🤖 AI Summary
This work addresses the theoretical bottleneck of vacuous generalization bounds for deep neural networks—bounds that are overly loose and often require model modifications. We propose a non-vacuous, test-error upper bound that depends solely on the training set and requires no architectural or training-time alterations (e.g., compression, quantization, or retraining). Methodologically, we unify the PAC-Bayes and mutual information frameworks, constructing a tight bound using empirical risk and statistical properties of the training data. Our key contributions are threefold: (i) the first non-vacuous generalization guarantee for unmodified, large-scale ImageNet-pretrained models—including ResNet and ViT; (ii) two novel generalization bounds that jointly ensure theoretical rigor and computational tractability; and (iii) empirical validation demonstrating bound values significantly below 1, establishing the largest-scale non-vacuous generalization guarantee to date.
📝 Abstract
Deep neural network (NN) with millions or billions of parameters can perform really well on unseen data, after being trained from a finite training set. Various prior theories have been developed to explain such excellent ability of NNs, but do not provide a meaningful bound on the test error. Some recent theories, based on PAC-Bayes and mutual information, are non-vacuous and hence show a great potential to explain the excellent performance of NNs. However, they often require a stringent assumption and extensive modification (e.g. compression, quantization) to the trained model of interest.
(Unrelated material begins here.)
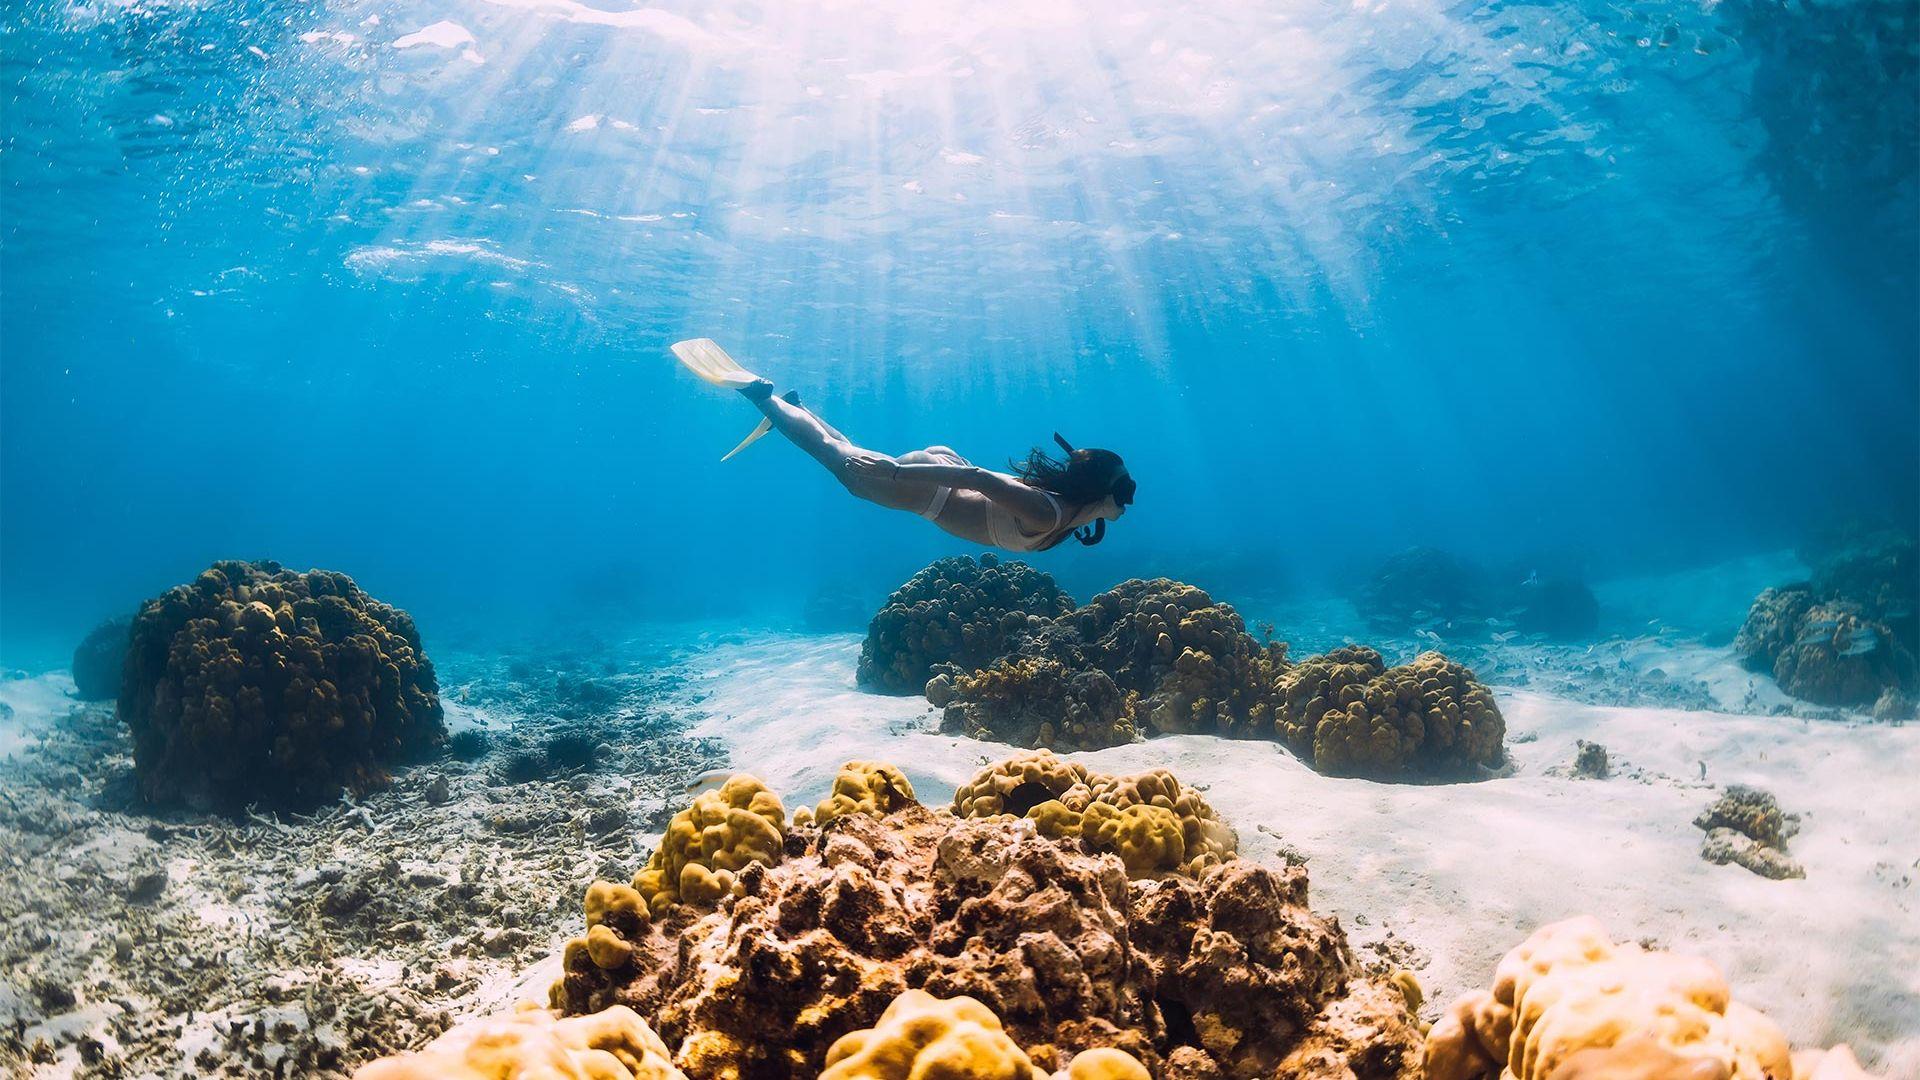 Sejur plaja Mauritius, 10 zile - 03 februarie 2022

Therefore, those prior theories provide a guarantee for the modified versions only. In this paper, we propose two novel bounds on the test error of a model. Our bounds uses the training set only and require no modification to the model. Those bounds are verified on a large class of modern NNs, pretrained by Pytorch on the ImageNet dataset, and are non-vacuous. To the best of our knowledge, these are the first non-vacuous bounds at this large scale, without any modification to the pretrained models.